H44C-04
Modeling Hydrological Processes with a Fully-Coupled Atmospheric-Hydrological Modeling System for the Poyang Lake Basin, China

Thursday, 17 December 2015: 16:45
3020 (Moscone West)
Sven Wagner1, Benjamin Fersch1, Zhongbo Yu2, Fei Yuan3 and Harald Kunstmann4, (1)Karlsruhe Inst. of Technology, Garmisch-Partenkirch, Germany, (2)University of Nevada Las Vegas, Las Vegas, NV, United States, (3)Hohai University, State Key Laboratory of Hydrology, Water Resources and Hydraulic Engineering, Nanjing, China, (4)Karlsruhe Institute of Technology, Karlsruhe, Germany
Abstract:
For a rational quantification of past, current and future water availability, the feedback mechanisms among atmosphere, land surface and subsurface play a crucial role. Investigations of these feedback mechanisms require coupled atmospheric-hydrological modeling systems. Investigations of climate and land use changes on the regional water balance require model systems, which describe the feedback mechanisms between groundwater-, soil moisture dynamics and precipitation and which allow long-term simulations for climate-relevant scales. We have developed such a fully-coupled, meso-scale modeling system extending the atmospheric model WRF-ARW with the hydrological model HMS, which includes lateral water fluxes at the land surface and subsurface. In addition, two-way interaction between the saturated and the unsaturated zone is implemented by replacing the free drainage bottom boundary of the Noah Land Surface Model (LSM) with two approaches, a Fixed-head boundary condition assuming an equilibrium soil moisture distribution or a Darcy-flux at the boundary assuming a quasi-steady-state moisture profile below the LSM. The computational demand of this coupled model system allows long-term simulations.

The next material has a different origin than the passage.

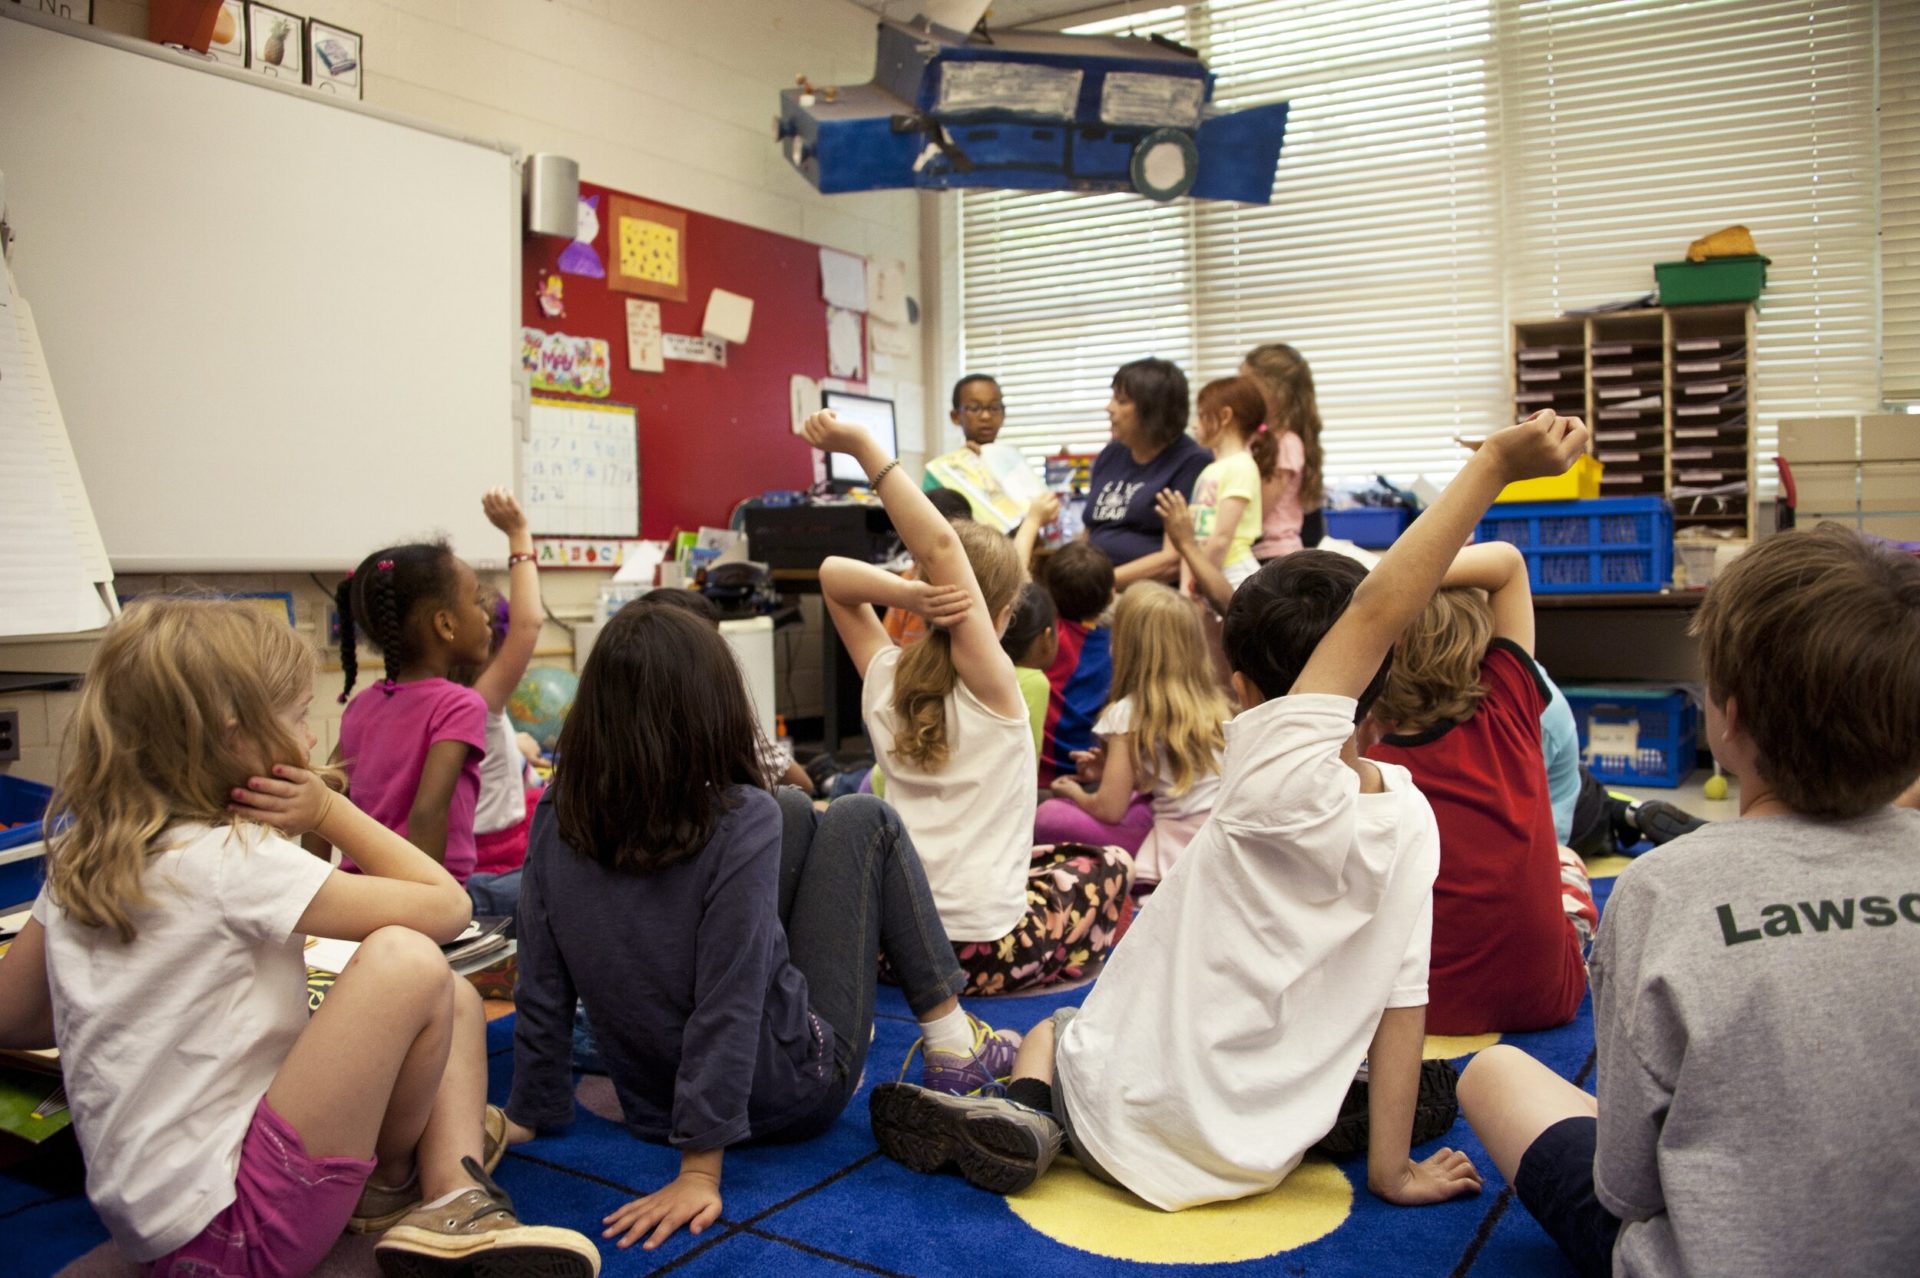 A scene from a primary school located in Atlanta, Georgia. (The Public Health Image Library from the Centers for Disease Control and Prevention)

The first application of the fully-coupled modeling system is for the Poyang Lake basin (160,000 km²) in South China for the years 1979-1986. The performance of fully-coupled simulations requires first rational setups of WRF and HMS. For WRF, a double-nesting approach is applied covering East Asia at 30 km resolution and the Poyang Lake basin at 10 km using ERA Interim data as global forcing. HMS simulations are performed on the 10 km grid. Simulation results are validated against CRU, GPCC, APHRODITE, CPC, GLEAM and streamflow observations. The performance of stand-alone WRF, HMS and the fully coupled simulations are shown. Furthermore, the impact of groundwater coupling on soil moisture, evapotranspiration, temperature and precipitation is investigated. The potential of the fully coupled model system, which closes the regional water balance, to investigate hydro-meteorological flux responses at basin scale is presented.